Problem details: Go to the line in the entries below that holds "tismes_standorte_meschede_enste" and repeat exactly from there through the line that holds "沈建宏(右)與師弟黃士杰一起做母親節花束送媽媽。(達騰娛樂)", inclusive.

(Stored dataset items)

= Beginning of Section =

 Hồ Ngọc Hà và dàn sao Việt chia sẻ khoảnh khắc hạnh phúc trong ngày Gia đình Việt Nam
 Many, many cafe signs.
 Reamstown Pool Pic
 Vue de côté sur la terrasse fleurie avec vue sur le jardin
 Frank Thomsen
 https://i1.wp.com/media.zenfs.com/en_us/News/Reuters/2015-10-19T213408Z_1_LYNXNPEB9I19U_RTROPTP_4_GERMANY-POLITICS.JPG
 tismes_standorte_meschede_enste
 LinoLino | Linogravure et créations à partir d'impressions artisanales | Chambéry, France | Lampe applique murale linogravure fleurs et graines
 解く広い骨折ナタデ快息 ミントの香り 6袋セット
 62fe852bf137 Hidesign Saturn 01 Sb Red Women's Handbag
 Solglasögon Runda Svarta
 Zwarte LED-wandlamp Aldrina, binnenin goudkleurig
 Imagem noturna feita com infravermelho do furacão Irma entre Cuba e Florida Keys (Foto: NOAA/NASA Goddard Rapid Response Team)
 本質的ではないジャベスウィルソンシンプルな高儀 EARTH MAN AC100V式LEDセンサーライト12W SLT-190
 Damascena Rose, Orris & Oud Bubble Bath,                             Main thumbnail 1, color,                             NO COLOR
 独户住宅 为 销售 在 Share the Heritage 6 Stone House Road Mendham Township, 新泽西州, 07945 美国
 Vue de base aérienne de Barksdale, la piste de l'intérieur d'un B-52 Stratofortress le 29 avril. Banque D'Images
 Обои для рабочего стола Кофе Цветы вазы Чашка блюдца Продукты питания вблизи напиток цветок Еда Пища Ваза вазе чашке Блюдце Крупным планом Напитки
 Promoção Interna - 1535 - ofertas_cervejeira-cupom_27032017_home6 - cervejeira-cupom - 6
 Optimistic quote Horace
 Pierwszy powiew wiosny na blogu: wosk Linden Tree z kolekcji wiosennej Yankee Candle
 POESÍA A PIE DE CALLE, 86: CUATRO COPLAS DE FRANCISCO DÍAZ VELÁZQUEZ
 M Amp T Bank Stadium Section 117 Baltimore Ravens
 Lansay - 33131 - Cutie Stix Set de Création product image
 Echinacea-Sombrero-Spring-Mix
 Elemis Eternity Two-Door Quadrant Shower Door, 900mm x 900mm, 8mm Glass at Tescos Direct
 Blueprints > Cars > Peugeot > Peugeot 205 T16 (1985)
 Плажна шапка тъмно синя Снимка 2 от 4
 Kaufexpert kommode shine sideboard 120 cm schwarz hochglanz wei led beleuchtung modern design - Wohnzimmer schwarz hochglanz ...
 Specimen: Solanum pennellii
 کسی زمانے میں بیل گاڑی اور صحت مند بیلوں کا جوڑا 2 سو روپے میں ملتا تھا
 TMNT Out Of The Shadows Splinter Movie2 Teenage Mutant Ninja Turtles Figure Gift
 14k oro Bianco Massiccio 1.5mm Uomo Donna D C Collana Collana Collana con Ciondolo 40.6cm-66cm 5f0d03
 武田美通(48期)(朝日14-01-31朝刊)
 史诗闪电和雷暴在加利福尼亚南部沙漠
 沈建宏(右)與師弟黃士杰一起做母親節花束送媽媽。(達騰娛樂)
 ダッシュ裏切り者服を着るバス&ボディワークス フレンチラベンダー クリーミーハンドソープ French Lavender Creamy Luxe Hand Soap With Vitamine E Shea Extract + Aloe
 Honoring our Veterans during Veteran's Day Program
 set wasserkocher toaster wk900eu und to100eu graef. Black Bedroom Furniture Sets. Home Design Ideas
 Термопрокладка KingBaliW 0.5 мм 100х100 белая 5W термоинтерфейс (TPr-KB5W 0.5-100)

= End of Section =

Answer to this task:
 tismes_standorte_meschede_enste
 LinoLino | Linogravure et créations à partir d'impressions artisanales | Chambéry, France | Lampe applique murale linogravure fleurs et graines
 解く広い骨折ナタデ快息 ミントの香り 6袋セット
 62fe852bf137 Hidesign Saturn 01 Sb Red Women's Handbag
 Solglasögon Runda Svarta
 Zwarte LED-wandlamp Aldrina, binnenin goudkleurig
 Imagem noturna feita com infravermelho do furacão Irma entre Cuba e Florida Keys (Foto: NOAA/NASA Goddard Rapid Response Team)
 本質的ではないジャベスウィルソンシンプルな高儀 EARTH MAN AC100V式LEDセンサーライト12W SLT-190
 Damascena Rose, Orris & Oud Bubble Bath,                             Main thumbnail 1, color,                             NO COLOR
 独户住宅 为 销售 在 Share the Heritage 6 Stone House Road Mendham Township, 新泽西州, 07945 美国
 Vue de base aérienne de Barksdale, la piste de l'intérieur d'un B-52 Stratofortress le 29 avril. Banque D'Images
 Обои для рабочего стола Кофе Цветы вазы Чашка блюдца Продукты питания вблизи напиток цветок Еда Пища Ваза вазе чашке Блюдце Крупным планом Напитки
 Promoção Interna - 1535 - ofertas_cervejeira-cupom_27032017_home6 - cervejeira-cupom - 6
 Optimistic quote Horace
 Pierwszy powiew wiosny na blogu: wosk Linden Tree z kolekcji wiosennej Yankee Candle
 POESÍA A PIE DE CALLE, 86: CUATRO COPLAS DE FRANCISCO DÍAZ VELÁZQUEZ
 M Amp T Bank Stadium Section 117 Baltimore Ravens
 Lansay - 33131 - Cutie Stix Set de Création product image
 Echinacea-Sombrero-Spring-Mix
 Elemis Eternity Two-Door Quadrant Shower Door, 900mm x 900mm, 8mm Glass at Tescos Direct
 Blueprints > Cars > Peugeot > Peugeot 205 T16 (1985)
 Плажна шапка тъмно синя Снимка 2 от 4
 Kaufexpert kommode shine sideboard 120 cm schwarz hochglanz wei led beleuchtung modern design - Wohnzimmer schwarz hochglanz ...
 Specimen: Solanum pennellii
 کسی زمانے میں بیل گاڑی اور صحت مند بیلوں کا جوڑا 2 سو روپے میں ملتا تھا
 TMNT Out Of The Shadows Splinter Movie2 Teenage Mutant Ninja Turtles Figure Gift
 14k oro Bianco Massiccio 1.5mm Uomo Donna D C Collana Collana Collana con Ciondolo 40.6cm-66cm 5f0d03
 武田美通(48期)(朝日14-01-31朝刊)
 史诗闪电和雷暴在加利福尼亚南部沙漠
 沈建宏(右)與師弟黃士杰一起做母親節花束送媽媽。(達騰娛樂)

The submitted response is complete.